WHAT YOU HAVE TO DO ::
Only the pictures are to be dropped, and the rest of the data should be copied exactly.

SOURCE MATERIAL ::
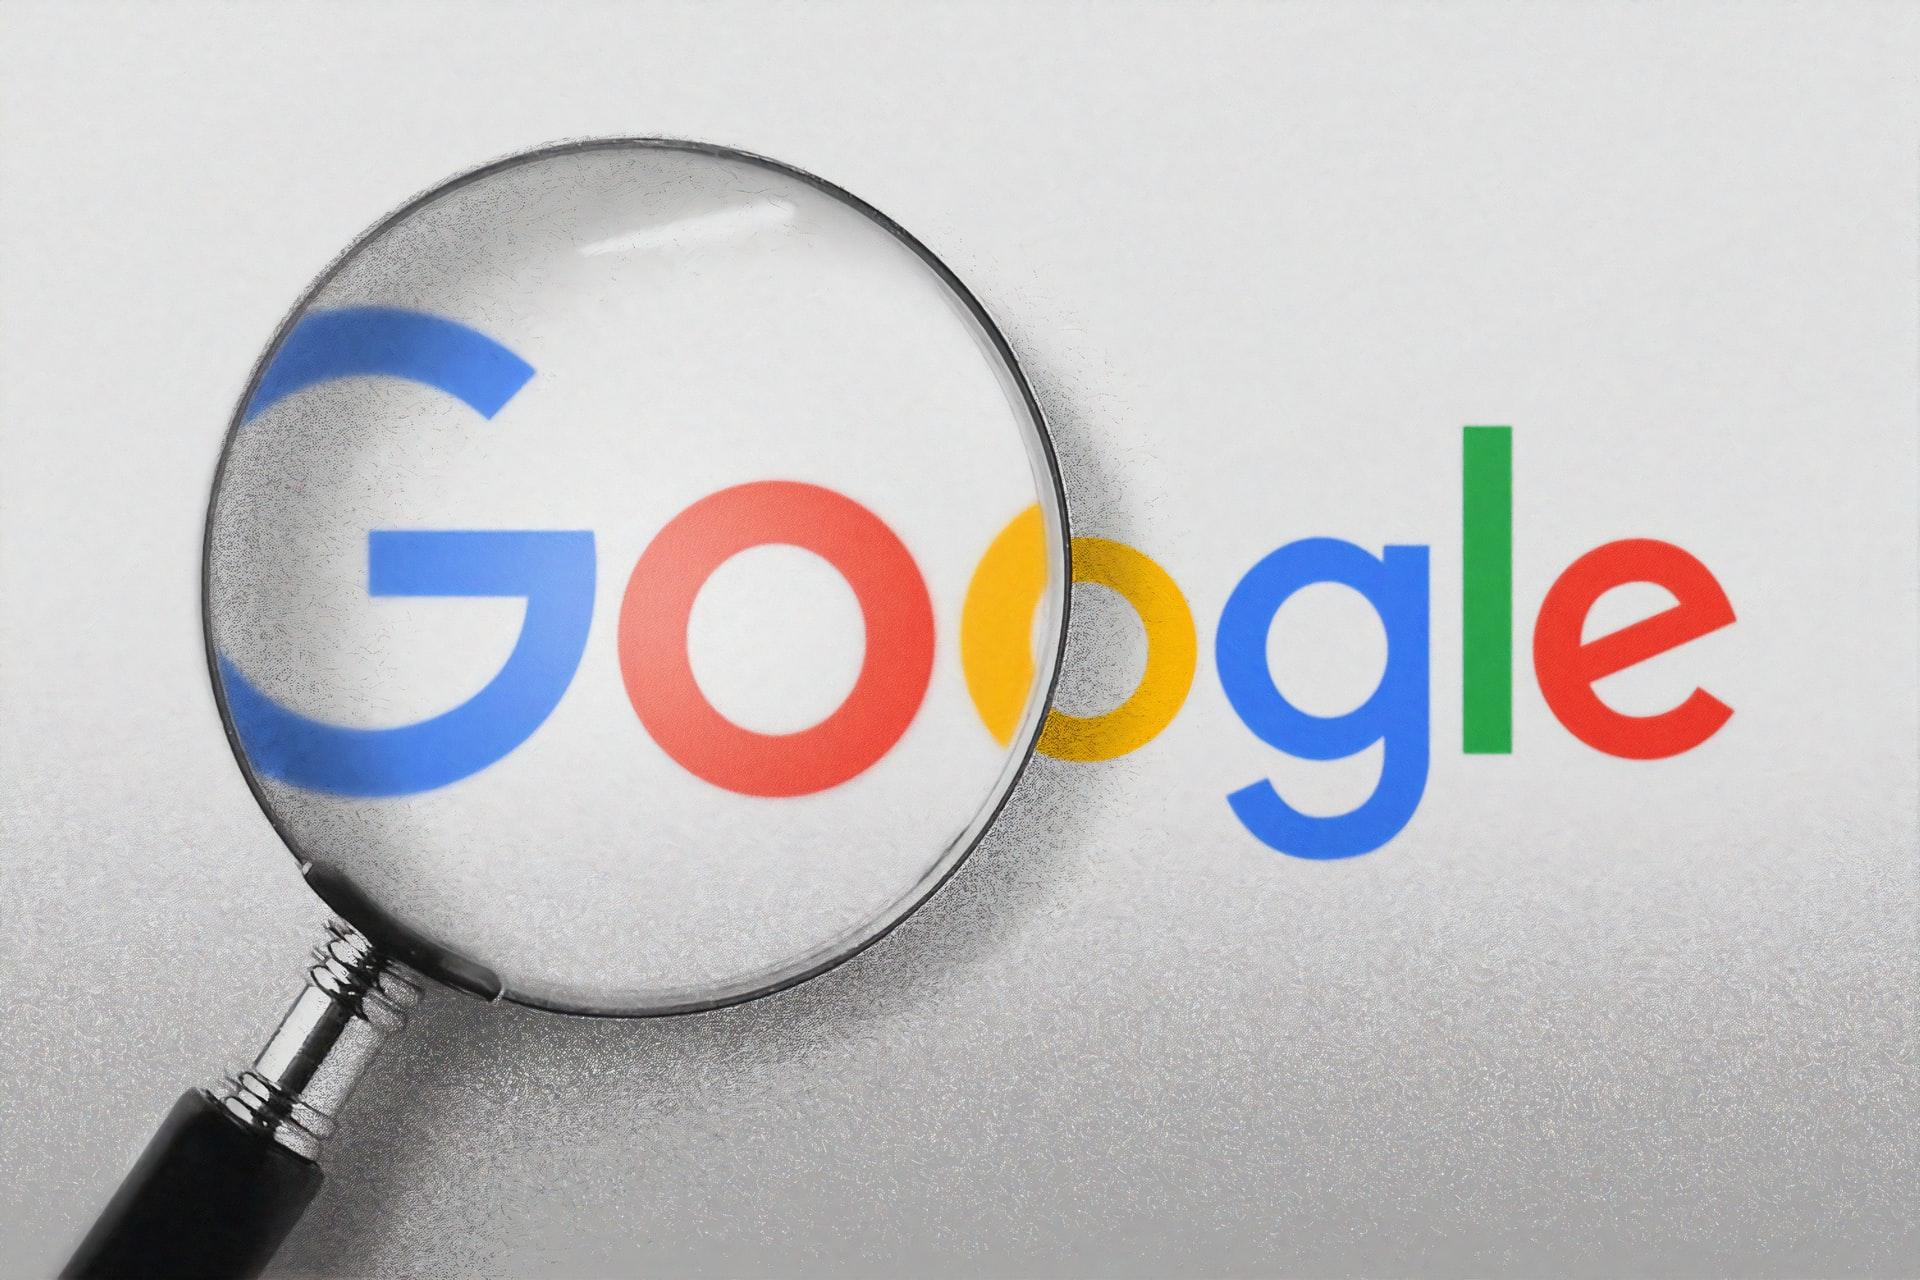 [Из песочницы] Как поисковики Google и Yandex мешают открыть иностранный банковский счет
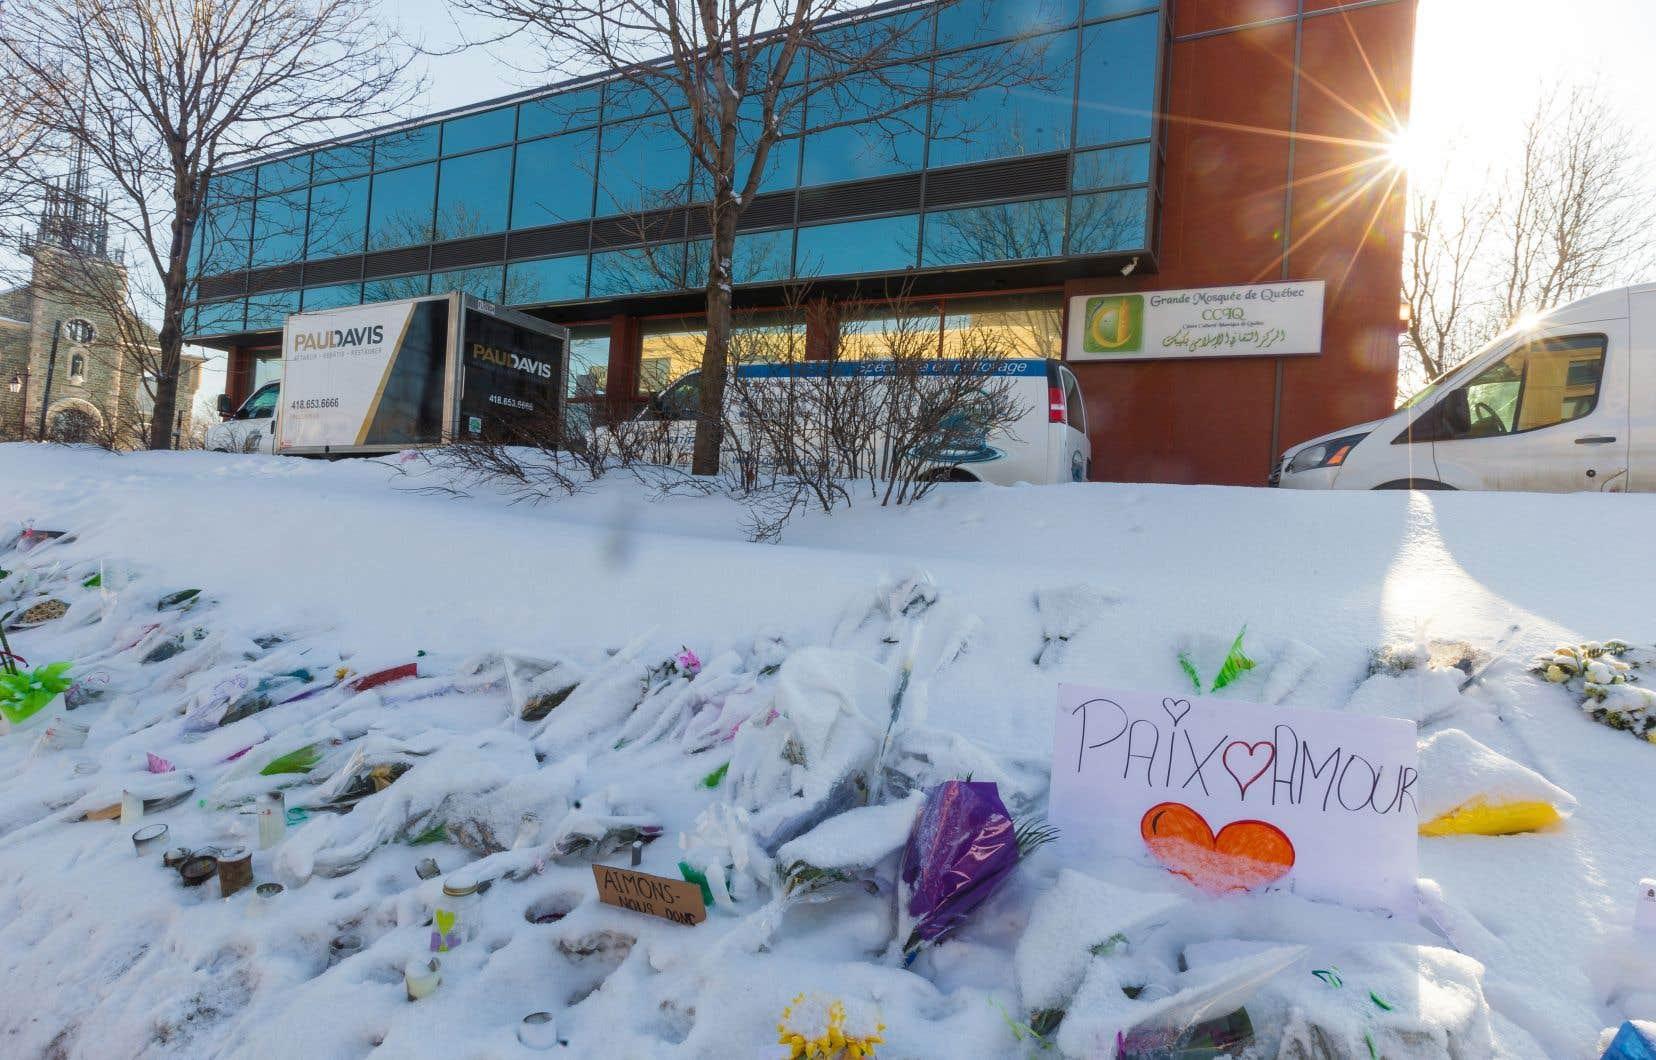 La Couronne croit que le contenu de la vidéo pose un «risque extrêmement important» de traumatisme pour les victimes de l'attentat et leurs familles.
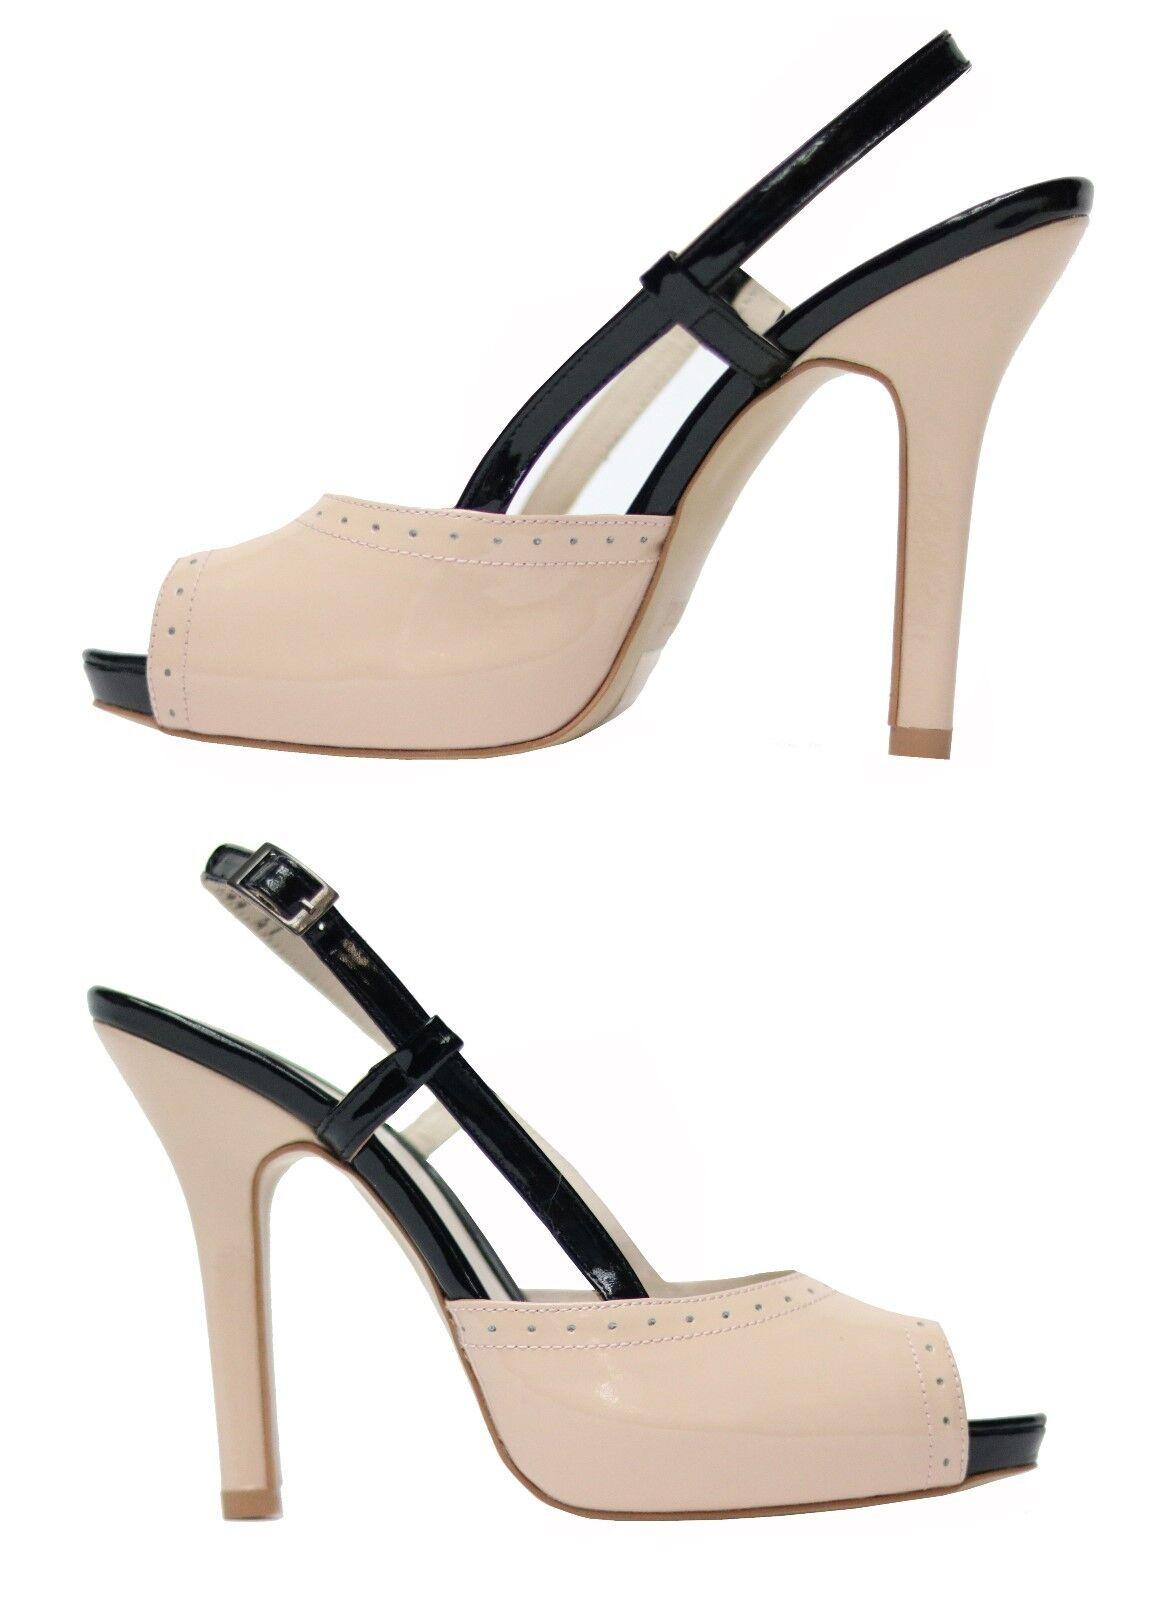 Muga Damen Schuhe Pumps Gr.37 Beige

RESULT BELOW ::
 [Из песочницы] Как поисковики Google и Yandex мешают открыть иностранный банковский счет
 La Couronne croit que le contenu de la vidéo pose un «risque extrêmement important» de traumatisme pour les victimes de l'attentat et leurs familles.
 Muga Damen Schuhe Pumps Gr.37 Beige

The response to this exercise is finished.